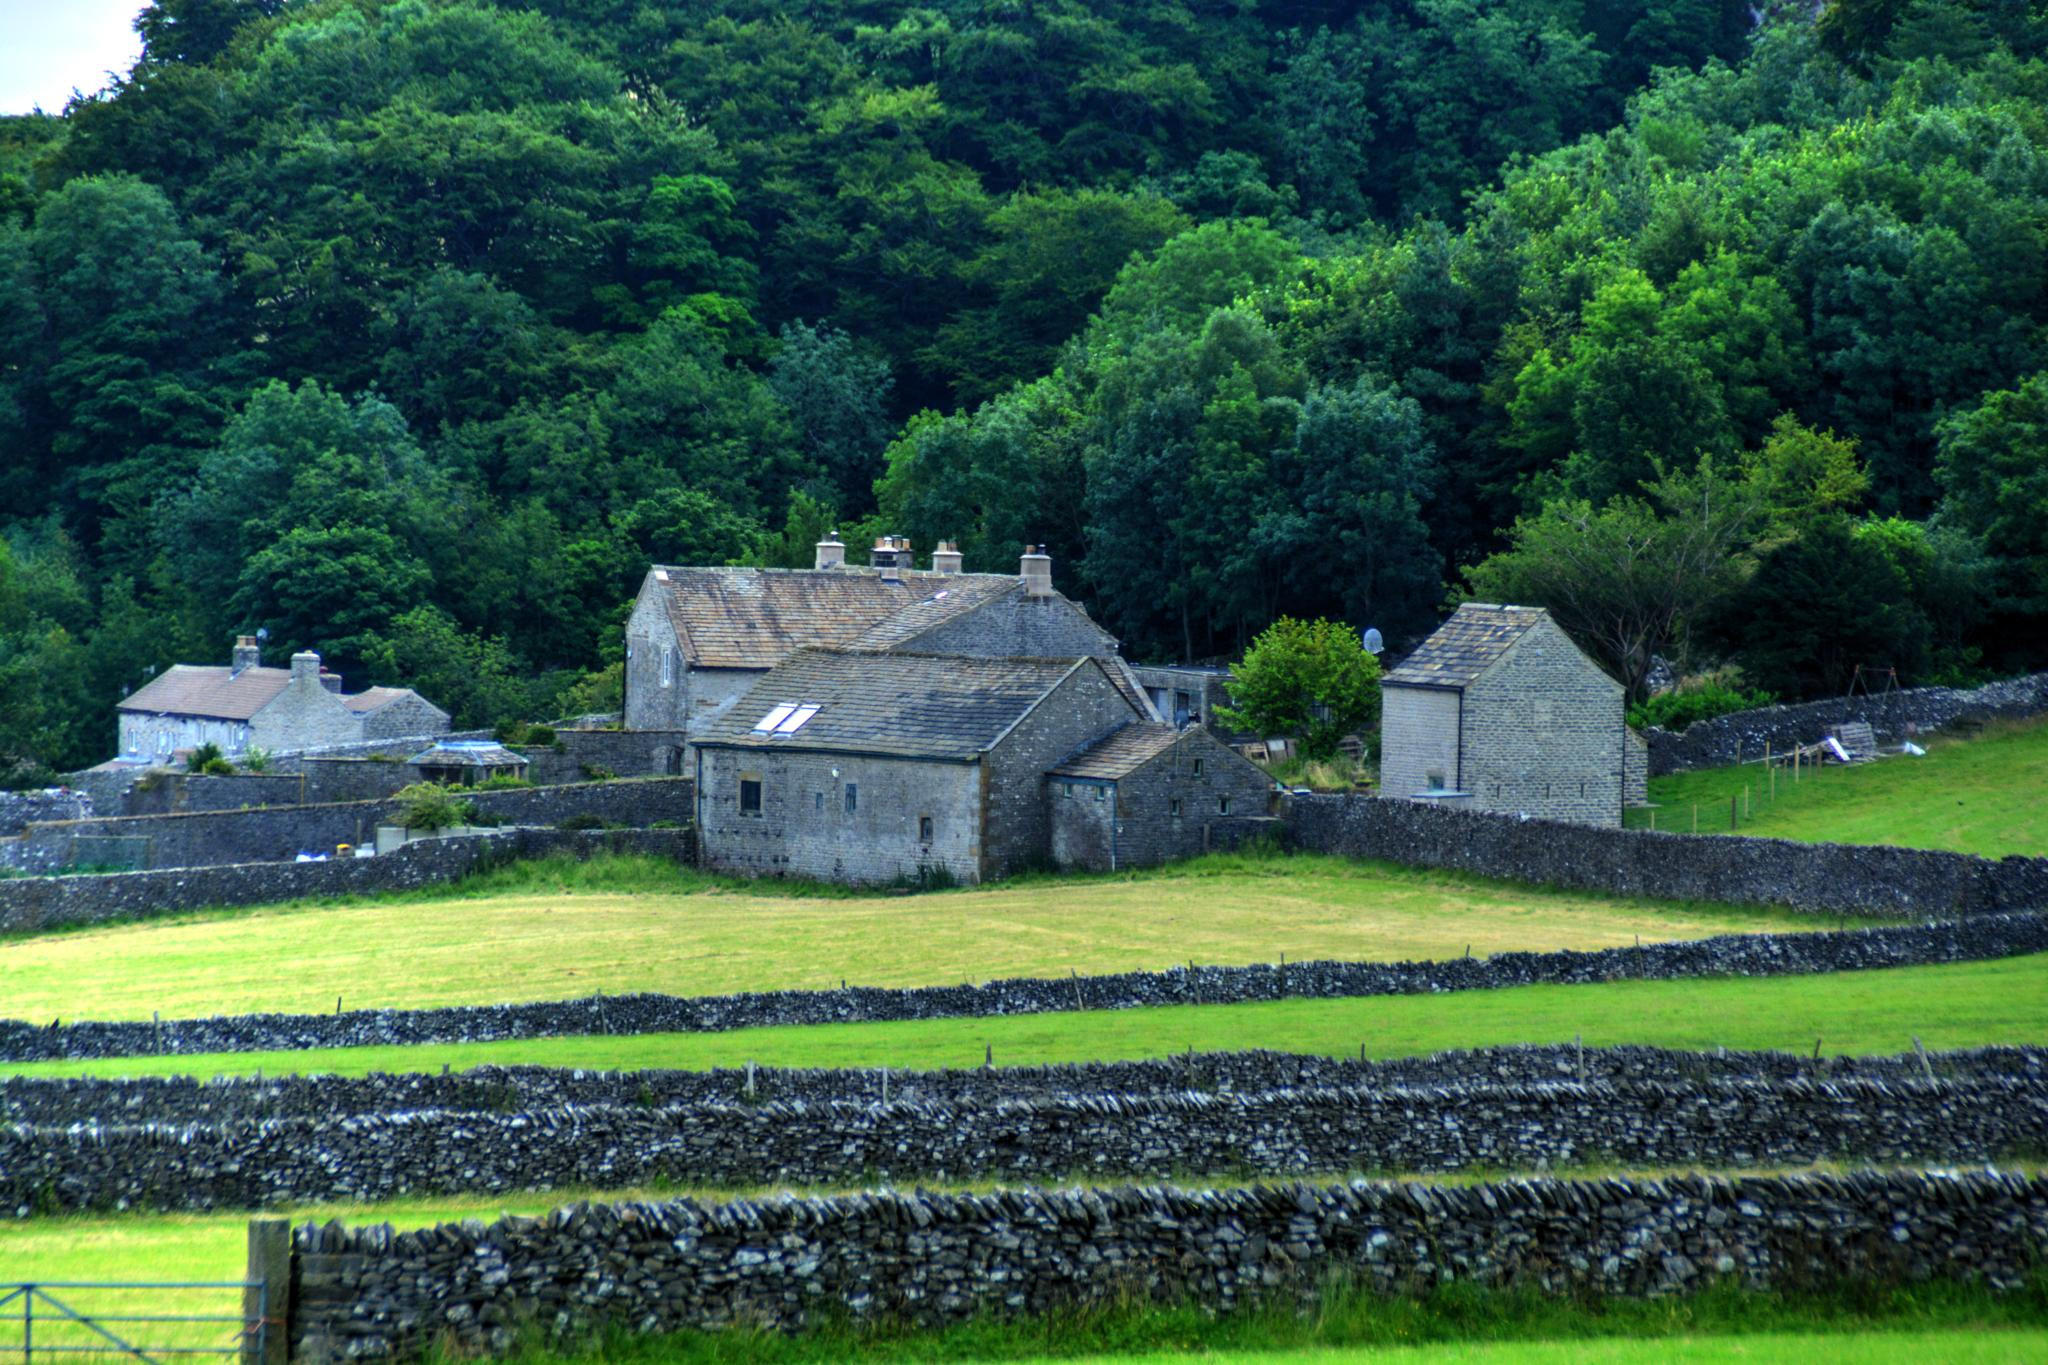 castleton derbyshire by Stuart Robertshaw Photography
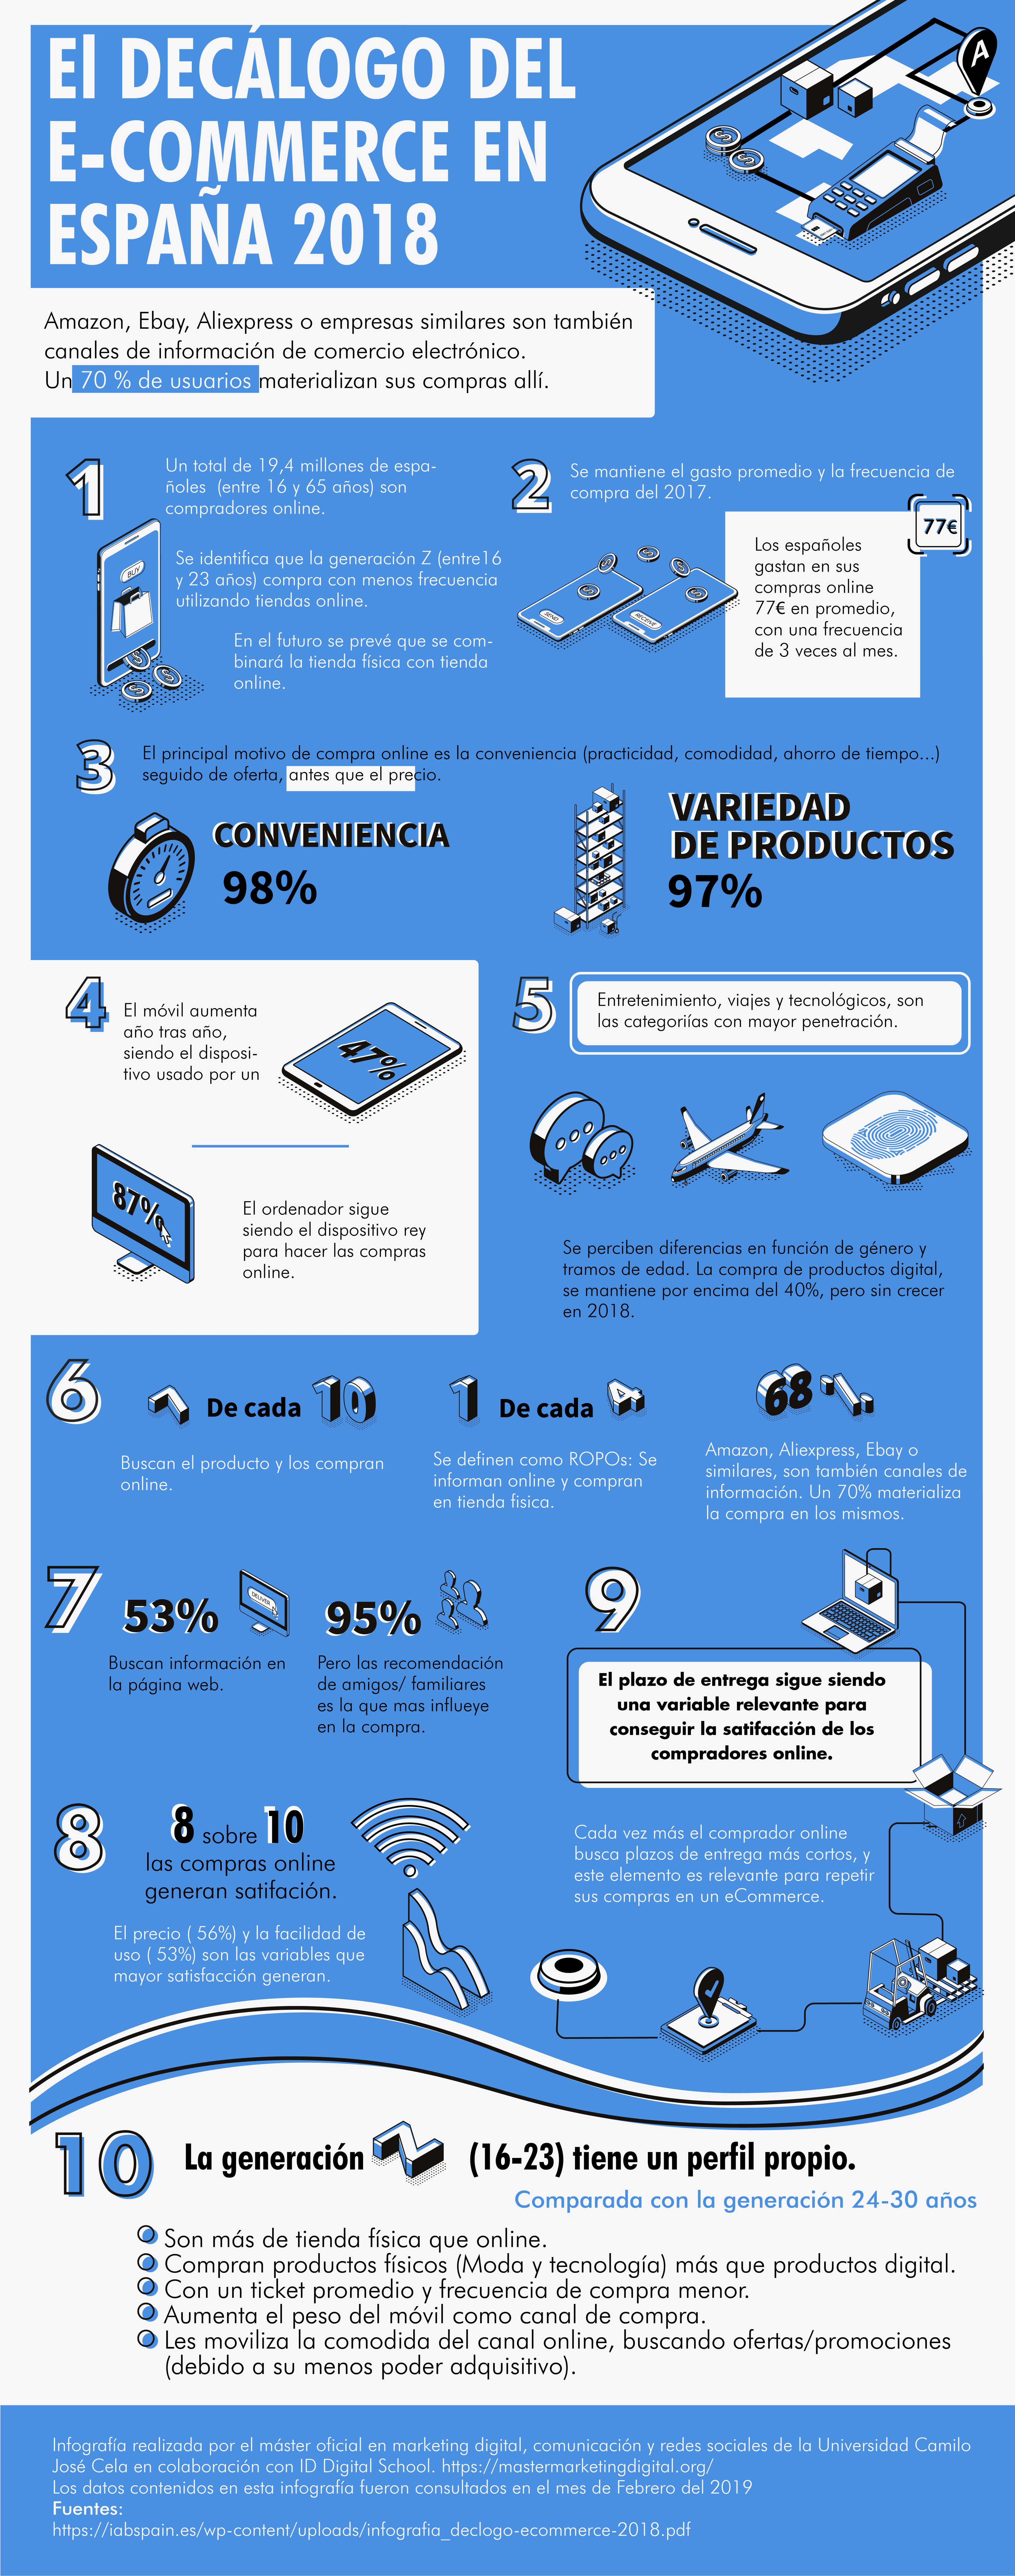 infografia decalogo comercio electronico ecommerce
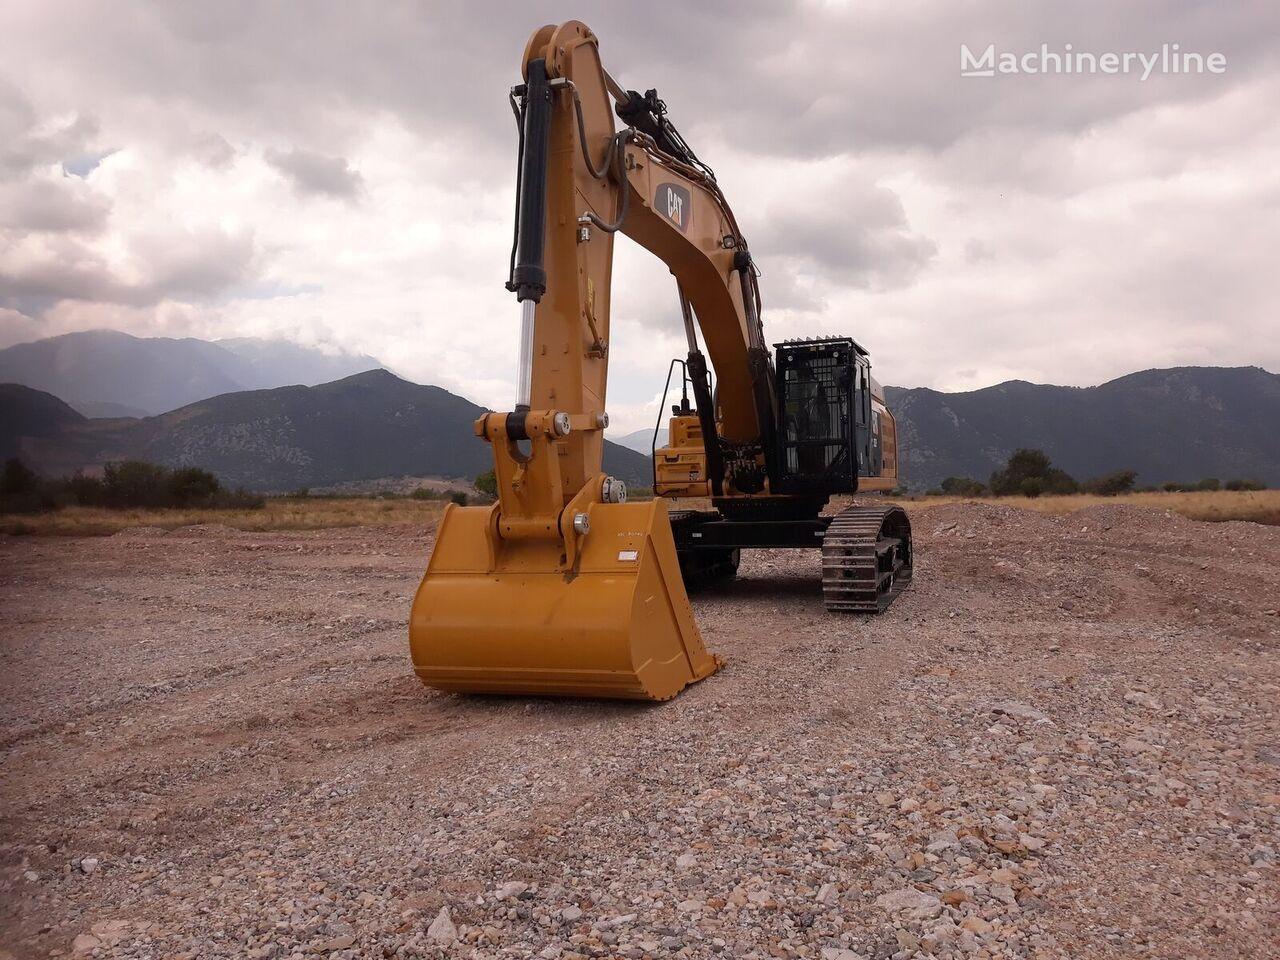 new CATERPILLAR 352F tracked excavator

....................

Your instructions –
Retype the data above exactly. Do not carry over any images.

Finished exercise –
 castleton derbyshire by Stuart Robertshaw Photography
 infografia decalogo comercio electronico ecommerce
 new CATERPILLAR 352F tracked excavator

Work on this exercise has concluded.